问题描述
我有一个关于 T-SQL 和 SQL Server 的问题.
I have a question related to T-SQL and SQL Server.
假设我有一个包含 2 列的 Orders 表:
Let's say I have a table Orders with 2 columns:
- ProductId int
- CustomerId int
- 日期日期时间
我想要每个产品的第一个订单的日期,所以我执行这种类型的查询:
I want the date of the first order for every product, so I perform this type of query:
SELECT ProductId, MIN(Date) AS FirstOrder
FROM Orders
GROUP BY ProductId
我在 ProductId
上有一个索引,包括列 CustomerId
和 Date
以加快查询速度 (IX_Orders
>).查询计划看起来像是对 IX_Orders
的非聚集索引扫描,然后是流聚合(由于索引没有排序).
I have an index on ProductId
, including the columns CustomerId
and Date
to speed up the query (IX_Orders
). The query plan looks like a non-clustered index scan on IX_Orders
, followed by a stream aggregate (no sort thanks to the index).
现在我的问题是我还想检索与每个产品的第一个订单相关联的 CustomerId
(产品 26 于 25 日星期二由客户 12 首次订购).棘手的部分是我不希望在执行计划中有任何内部循环,因为这意味着表中每个 ProductId
的额外读取,这是非常低效的.
Now my problem is that I also want to retrieve the CustomerId
associated with the first order for each product (Product 26 was first ordered on Tuesday 25, by customer 12). The tricky part is that I don't want any inner loop in the execution plan, because it would mean an additional read per ProductId
in the table, which is highly inefficient.

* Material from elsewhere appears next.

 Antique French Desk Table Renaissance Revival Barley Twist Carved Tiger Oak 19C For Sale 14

这应该可以使用相同的非聚集索引扫描,然后是流聚合,但是我似乎找不到可以做到这一点的查询.有什么想法吗?
This should just be possible using the same non-clustered index scan, followed by stream aggregates, however I can't seem to find a query that would do that. Any idea?
谢谢
推荐答案
这将处理具有重复日期的产品:
this will handle products that have duplicate dates:
DECLARE @Orders table (ProductId int
,CustomerId int
,Date datetime
)
INSERT INTO @Orders VALUES (1,1,'20090701')

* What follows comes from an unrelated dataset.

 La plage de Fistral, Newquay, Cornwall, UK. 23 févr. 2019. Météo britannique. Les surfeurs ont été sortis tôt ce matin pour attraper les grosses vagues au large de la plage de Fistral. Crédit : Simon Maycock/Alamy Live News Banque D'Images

INSERT INTO @Orders VALUES (2,1,'20090703')
INSERT INTO @Orders VALUES (3,1,'20090702')
INSERT INTO @Orders VALUES (1,2,'20090704')
INSERT INTO @Orders VALUES (4,2,'20090701')
INSERT INTO @Orders VALUES (1,3,'20090706')
INSERT INTO @Orders VALUES (2,3,'20090704')
INSERT INTO @Orders VALUES (4,3,'20090702')
INSERT INTO @Orders VALUES (5,5,'20090703') --duplicate dates for product #5
INSERT INTO @Orders VALUES (5,1,'20090703') --duplicate dates for product #5
INSERT INTO @Orders VALUES (5,5,'20090703') --duplicate dates for product #5
;WITH MinOrders AS
(SELECT
o.ProductId, o.CustomerId, o.Date
,row_number() over(partition by o.ProductId order by o.ProductId,o.CustomerId) AS RankValue
FROM @Orders o
INNER JOIN (SELECT
ProductId
,MIN(Date) MinDate
FROM @Orders
GROUP BY ProductId
) dt ON o.ProductId=dt.ProductId AND o.Date=dt.MinDate
)
SELECT
m.ProductId, m.CustomerId, m.Date
FROM MinOrders m
WHERE m.RankValue=1
ORDER BY m.ProductId, m.CustomerId
这将返回相同的结果,只需使用与上述代码相同的声明和插入:
this will return the same results, just use the same declare and inserts as the above code:
;WITH MinOrders AS
(SELECT
o.ProductId, o.CustomerId, o.Date
,row_number() over(partition by o.ProductId order by o.ProductId,o.CustomerId) AS RankValue
FROM @Orders o
)
SELECT
m.ProductId, m.CustomerId, m.Date
FROM MinOrders m
WHERE m.RankValue=1
ORDER BY m.ProductId, m.CustomerId
您可以尝试每个版本,看看哪个版本运行得更快...
You can try out each version to see which will run faster...
这篇关于查找与 Min/Max 关联的行,没有内部循环的文章就介绍到这了,希望我们推荐的答案对大家有所帮助,也希望大家多多支持跟版网!